A Three Hour Tour of Devereaux's - Greenville SC

On a short weekend trip to Greenville, South Carolina awhile back, we took the opportunity to expand our indulge our tastebuds at Devereaux's, a restaurant that definetly aspires to offer a high-end culinary experience like you would get a big metropolitan city like Atlanta, New York, or Los Angeles. It had been awhile since I had a good, creative meal, and after hearing good comments about the place, I was excited to try the food there. The atmosphere of the restaurant itself is very comfortable - warm, but dim lighting (great for dates, bad for my blog post =P), exposed brick walls, etc. However, the space itself is pretty large with higher ceilings, and depending on where you sit, you might get a slight feeling of a cavernous space, rather than a more intimate one.

As for the food, we of course ordered "The Chef's Ultimate Tasting Menu" after finding out something like that was on the menu, because I love to see how creative chefs can get with their food (especially with fond memories of my more recent meals at Fleur de Lys and Water Grill). Devereaux's offers a standard tasting menu of five courses, and the "Chef's Ultimate Tasting Menu" of ten courses. A ten course meal is never going to be cheap, and the one offered here is not for the faint of heart (price-wise), but if you're a foodie, can you ever say no to a large variety of food? I can't. =).

Before getting into the meal, a couple of overall comments about the tasting menu: Overall, Chef Devereaux Greene definetly has an impecabble sense of modern, minimalist food presentation, as you will be able to tell from the photos. And some of the dishes were truly very delicious, although a bit small at times. However, I do have a couple of service-related critiques that hopefully the restaurant can improve on. First, the waiter, although friendly and gracious, could have had more knowledge about the food, and it seemed that he had a lot of area to cover, so we didn't seem him very much. Second, the timeliness of the dishes was a problem - it took three and a half hours for the entire meal to be completed....Gilligan and his friends took a three hour boat tour of Hawaii that they were planning to be shorter than the length of our meal. That comes out to be about twenty minutes between each dish, and with the amount of food provided on each dish, it didn't take long to finish it. We had exhausted every topic of conversation twice over by the time dessert was served. Admittedly, we do eat pretty fast anyway, but a high-end restaurant should have its waiters communicating with the chef to adjust the timing of the dishes served.

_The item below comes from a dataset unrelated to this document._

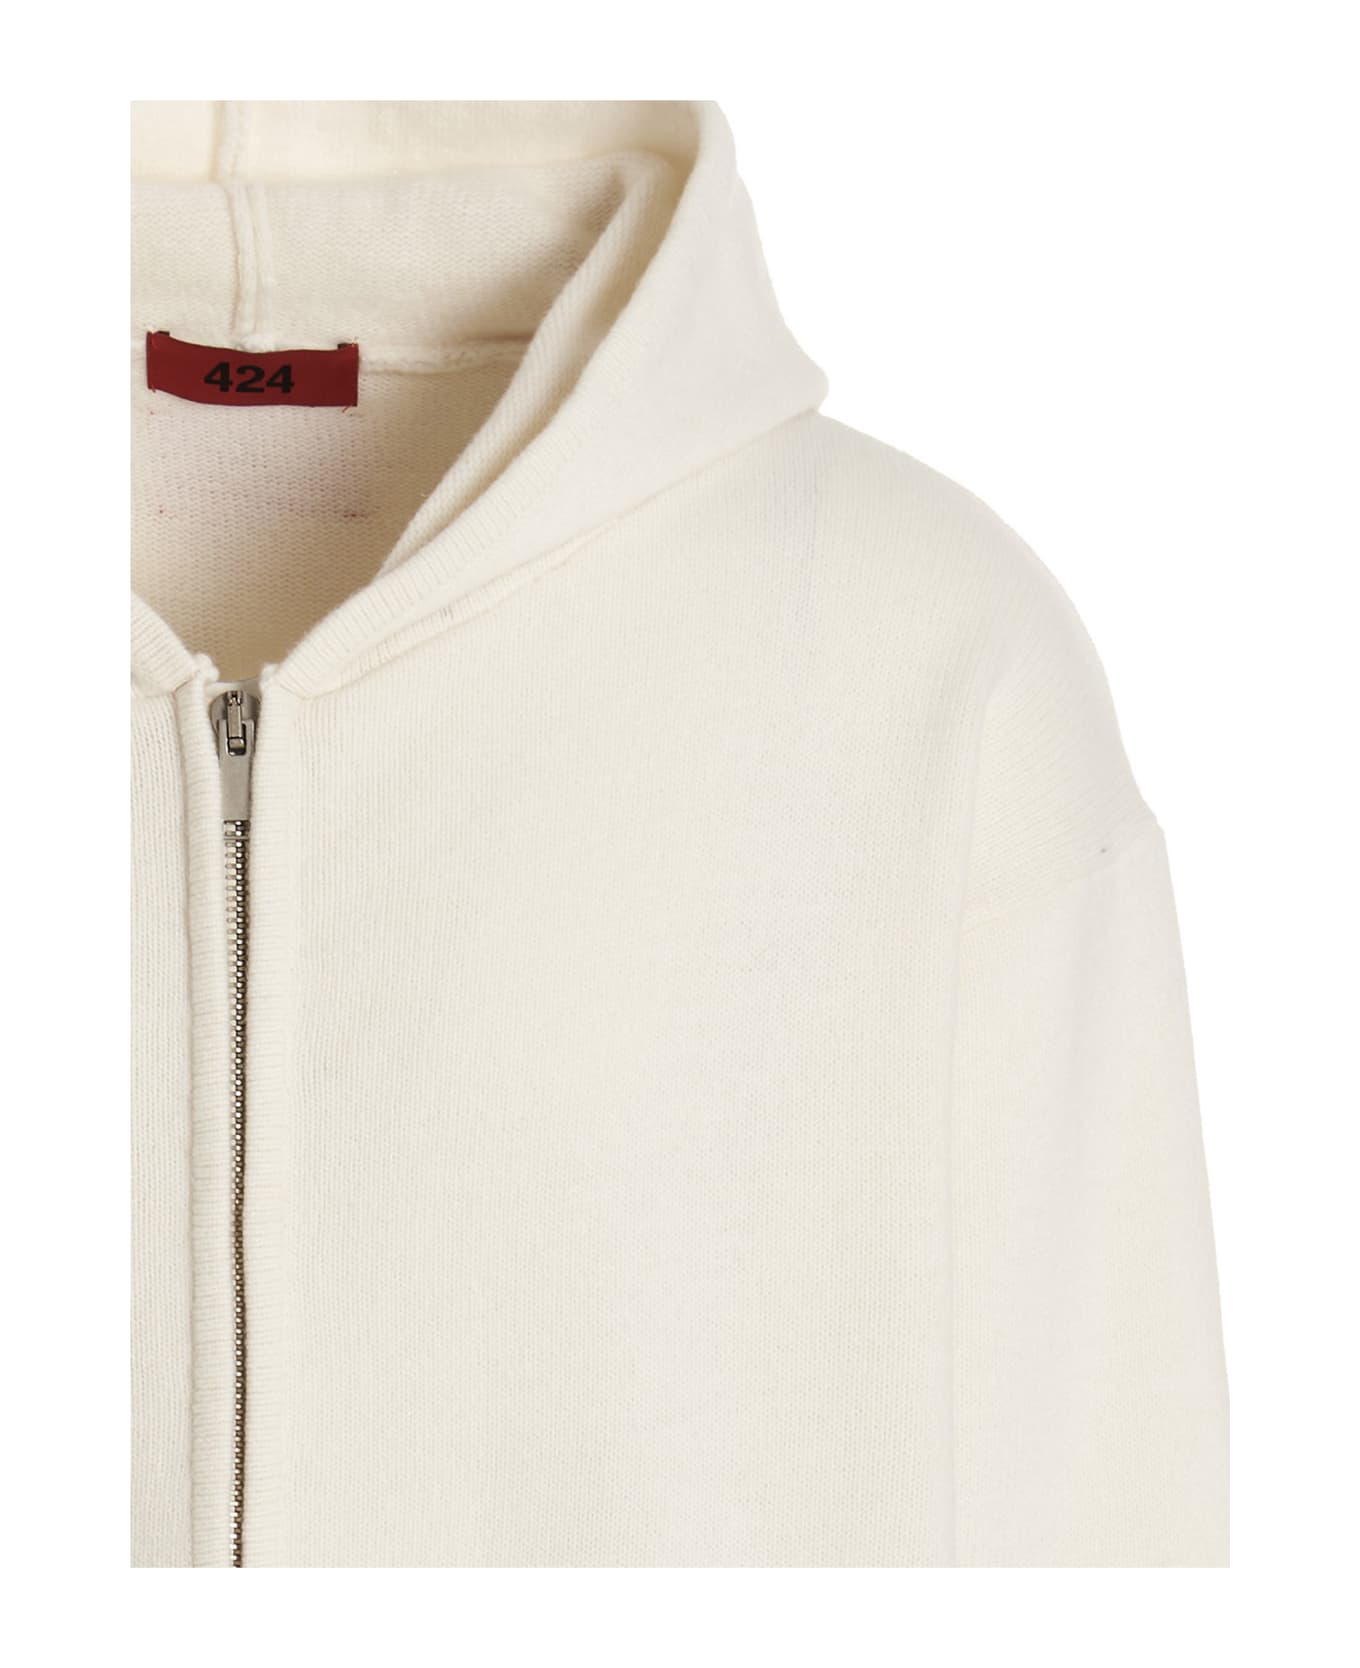 FourTwoFour on Fairfax Embroidery Hooded Cardigan - Bianco

Anyway, enough service-related comments. We are really here to enjoy the food, right?

First, we were served an amuse bouche: a crab salad with cumin and carrot puree. A very nice, light start to the meal, and I enjoyed the color and flavors provided by the puree.

Second for the meal was a Tasmanian salmon sashimi, served with a cucumber flower. I've eaten a lot of high-quality salmon sashimi at some very good Japanese restaurants, and this stood head-to-toe with them. The dish was excellent, and one of the highlights of the night for the both of us. The presentation with the cucumber flower was a very nice touch also.

Next, we were served a two-part dish: on the left, an apple and beet tartar, and on the right, a gazapacho with beef.

For our fourth dish, we were presented with a celery root soup with smoked bacon and potato. A little bit too creamy, but I enjoyed the smokiness of the bacon.

Next, a grilled tiger prawn with apple salad. The most underwhelming dish of the night for me, partly because I felt that it would have been more effective with at least two or three, instead of just one tiger prawn. I enjoy minimalist dishes as much as the next person, but too little on a dish seems a bit parsimonious.

The sixth dish was foie gras on a french baguette with bittersweet chocolate and passion fruit. The quality of the foie gras was pretty good, and I enjoyed the contrast in texture between it an the baguette.

A Japanese red snapper in bonito broth. The bonito broth was a bit too light, and could definetly had more body, but it was interesting to see such a simple Japanese dish in this mix of food, but I appreciated the timing of the dish, to balance out the heaviness of the foie gras before we ate the next dish...

The eighth dish was the best dish of the night, in both our opinions: It was quail prepared three ways: at the top, a flash fried quail leg encrusted with panko and stuffed with beef tenderloin; in the middle, pan seared quail breast; and not visible (under the quail breast) was quail risotto. It was a creative trio of quail - the quail leg was fried perfectly with a very enjoyable contrast in texture with the beef tenderloin, the pan seared quail breast was quite succulent and juicy, and the risotto had a deep, mellow, flavor.

The last main course was a soux vide beef short rib. Like all soux vide dishes, the short rib was very tender.

I don't like strong cheeses, so honestly, I didn't appreciate this next dish very much - a Roquefort cheese and jam.
A pre-dessert palate cleanser: a lemon posset (basically, a simple lemon/key lime pudding).

Lastly, at the end of three and a half hours, we were finally served our dessert: carrot cake with vanilla ice cream.